# I wana save horses, HOW BOUT YOU??



## LeftyLoverX0X0 (May 26, 2009)

Hey guys! So I have some important news and I would be so incredibly greatful if you would read on.

I have been reading a lot of articles lately on animal cruelty and it has really opened my eyes quite a lot. I always knew it existed, but now I really know what a toll life can have on these poor horses. 

So, I have created an ANTI-CRUELTY site called Equestrian Club - Home

What is it? The "Equestrian Club" is a website that I created. It has articles on preventing cruelty, etc.
But the MAIN thing, is that *I will donate $1 for each person that registers* to an anti-cruelty for horses charity of your choice. It is totally free for you.

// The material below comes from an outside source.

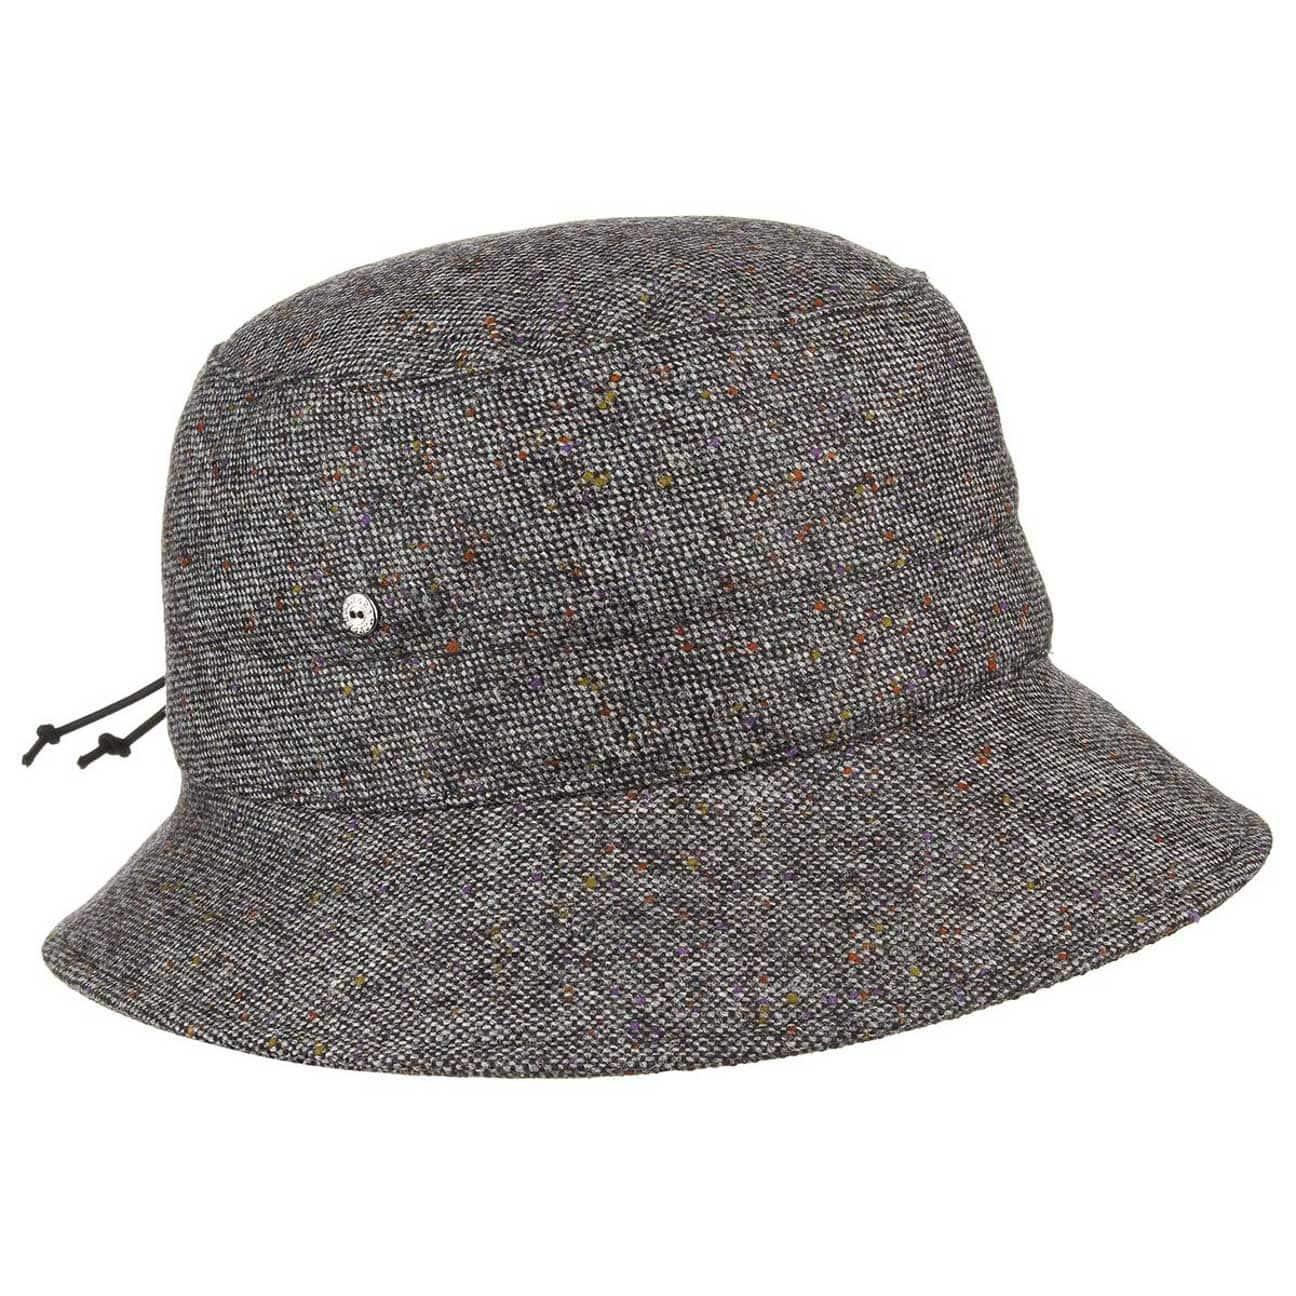 ... Tweed Cappello da Donna by Mayser - antracite 1 1a605c8c76ee

I know $1 isn't much, but every member counts! please join for the horses! It is completely free for you!!

Thank you guys so much!!


----------



## ridergirl23 (Sep 17, 2009)

Thats a good idea, i will join! i dont really care which group you donate too, just one that actually uses the money for the animals and their care.


----------



## ilovemyPhillip (Apr 4, 2009)

Ha. I have the same layout for my website (link under in my signature) - I signed up(; good luck. My ponies were bobbin bad situations and we rescued them, from a lady who rehibilitated them.


----------



## AztecBaby (Mar 19, 2009)

I joined.


----------



## speedy da fish (May 7, 2009)

ive joined!


----------



## ChingazMyBoy (Apr 16, 2009)

I attemptivly joined, but my computer wouldn't let me. But I will be back to join later on the laptop! I would like to say good on you for caring so much towards animals/horses. If the world was full of people who were half as caring towards animals as you were, then there would be no need for your website. But sadly, the world isn't like that.


----------



## ShutUpJoe (Nov 10, 2009)

Ok I've joined


----------